Thu June 28 BEAST (15) (7.30pm)
2017 UK 107min. Dir: Michael Pearce
Stars: Jessie Buckley, Johnny Flynn, Geraldine James
Constrained by the strict rules of her domineering mother, a troubled woman seizes the opportunity for freedom and rebellion presented by the arrival of a stranger to her island community, even as suspicion mounts amid a string of murders. Buckley (War and Peace; The Woman in White) moves from TV to film stardom with “a terrific central performance” (The Telegraph), while impressive debutant Pearce has been compared to Hitchcock and Roeg for his gripping use of suspense and twisted psychological depth – Jersey has never seemed more wild!

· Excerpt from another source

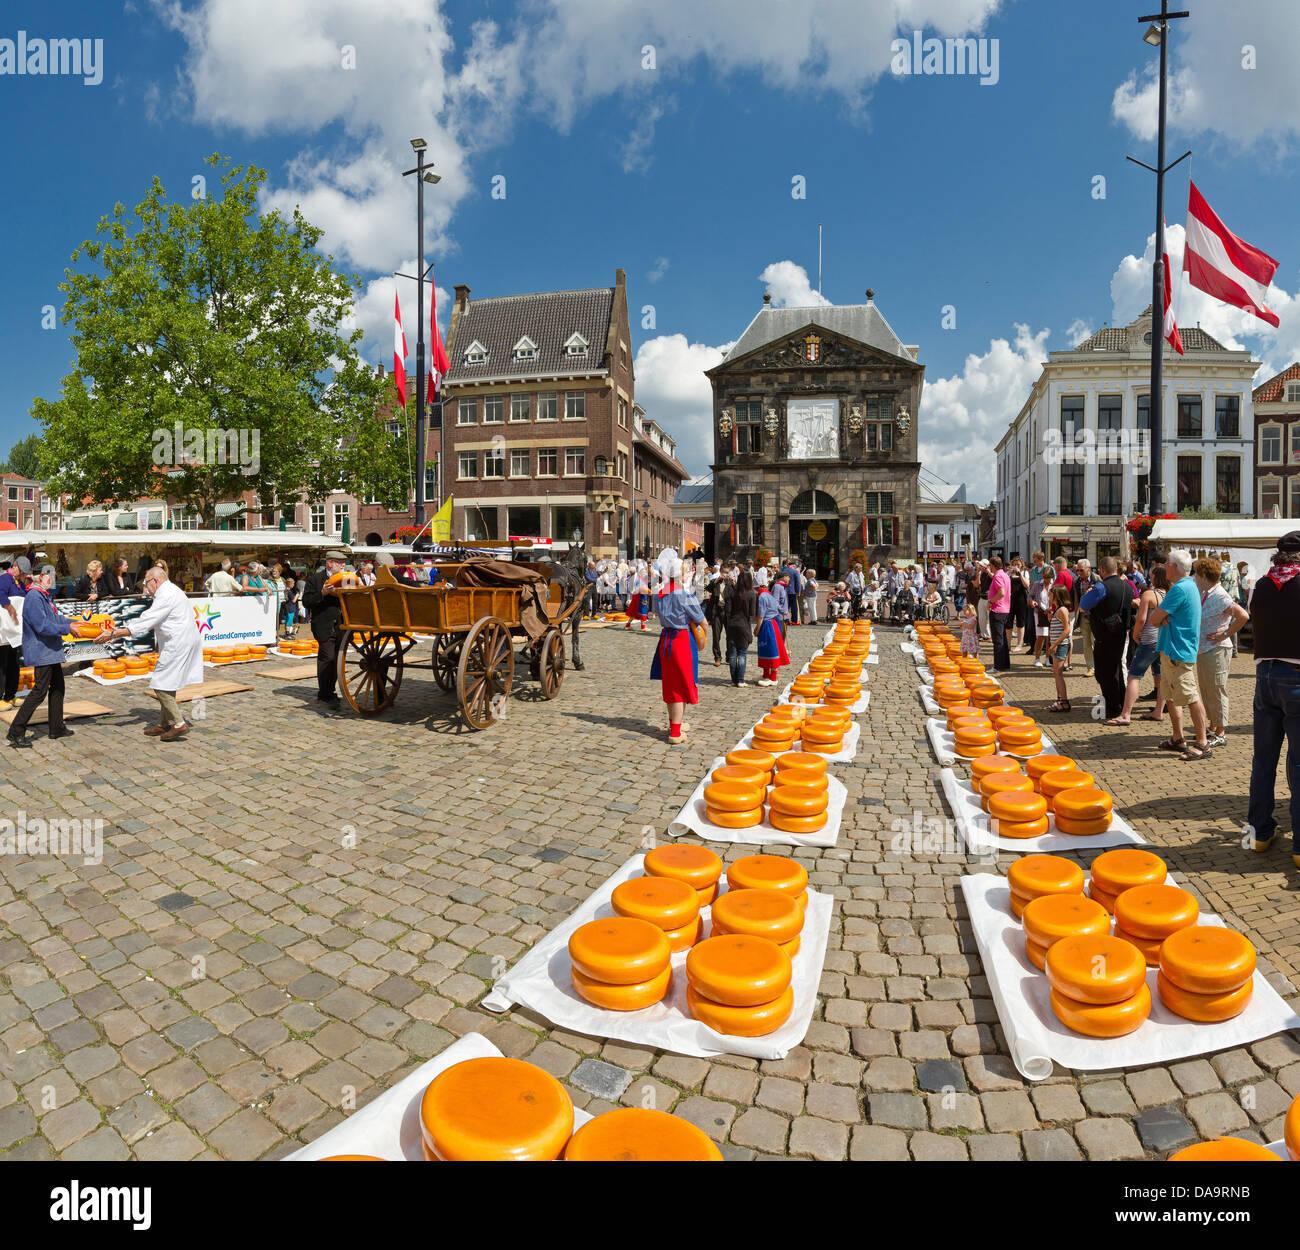 Netherlands Holland Europe Gouda Cheese Tradition Market City Village St Nicholas Day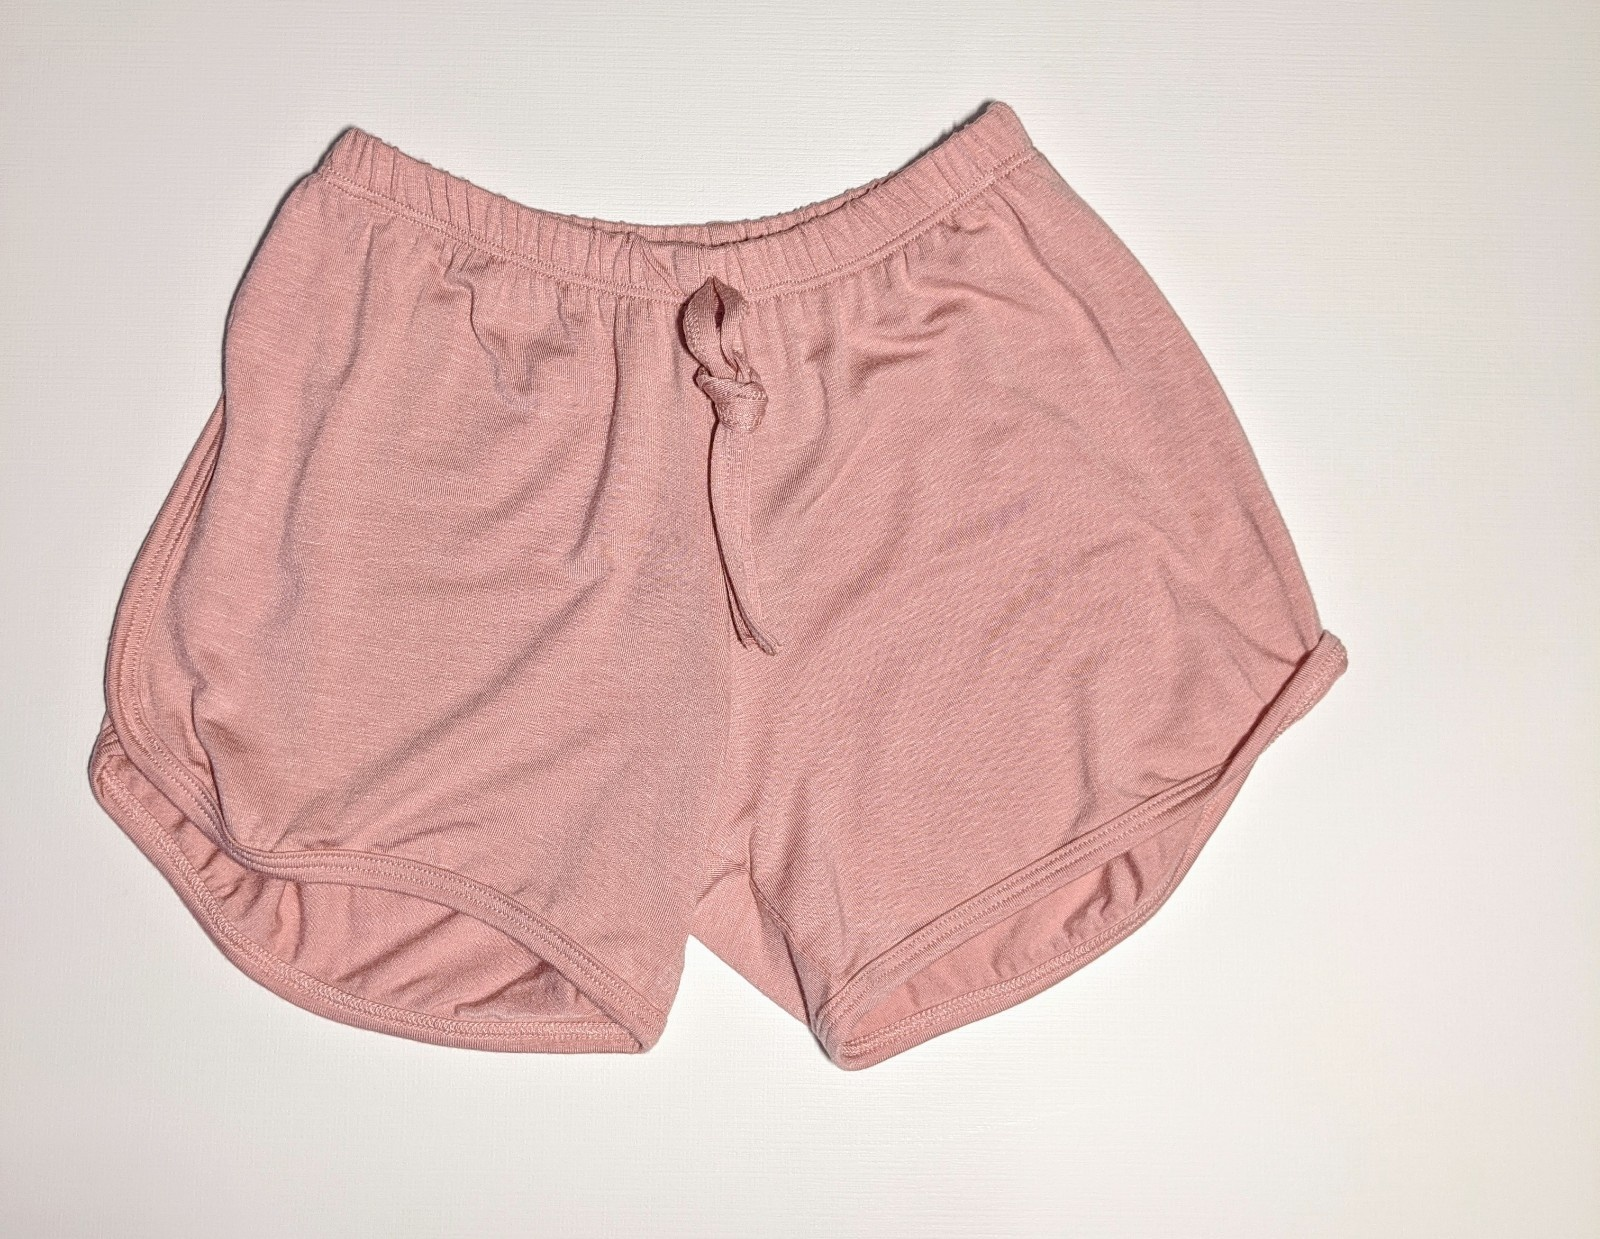 Area Code 407 Tween / Teen Knit Shorts

Thu Jul 5 ON CHESIL BEACH (15)
2017 UK 110min. Dir: Dominic Cooke
Stars: Saoirse Ronan, Billy Howle, Anne-Marie Duff, Emily Watson
First-time director Cooke does true justice to Ian McEwan’s adaptation of his own novella, telling the story of a young couple’s first evening as a married couple, and the disastrous consequences of their inability to form a true bond. Ronan and Howle portray the lovers with subtlety and understatement, backed up by a stellar cast in supporting roles. Beautifully filmed in Oxford, London and on the stark landscape of the beach itself, this is a subtle meditation on confused expectations and lost opportunities.
*The 2.30pm screening will be subtitled for those with hearing loss.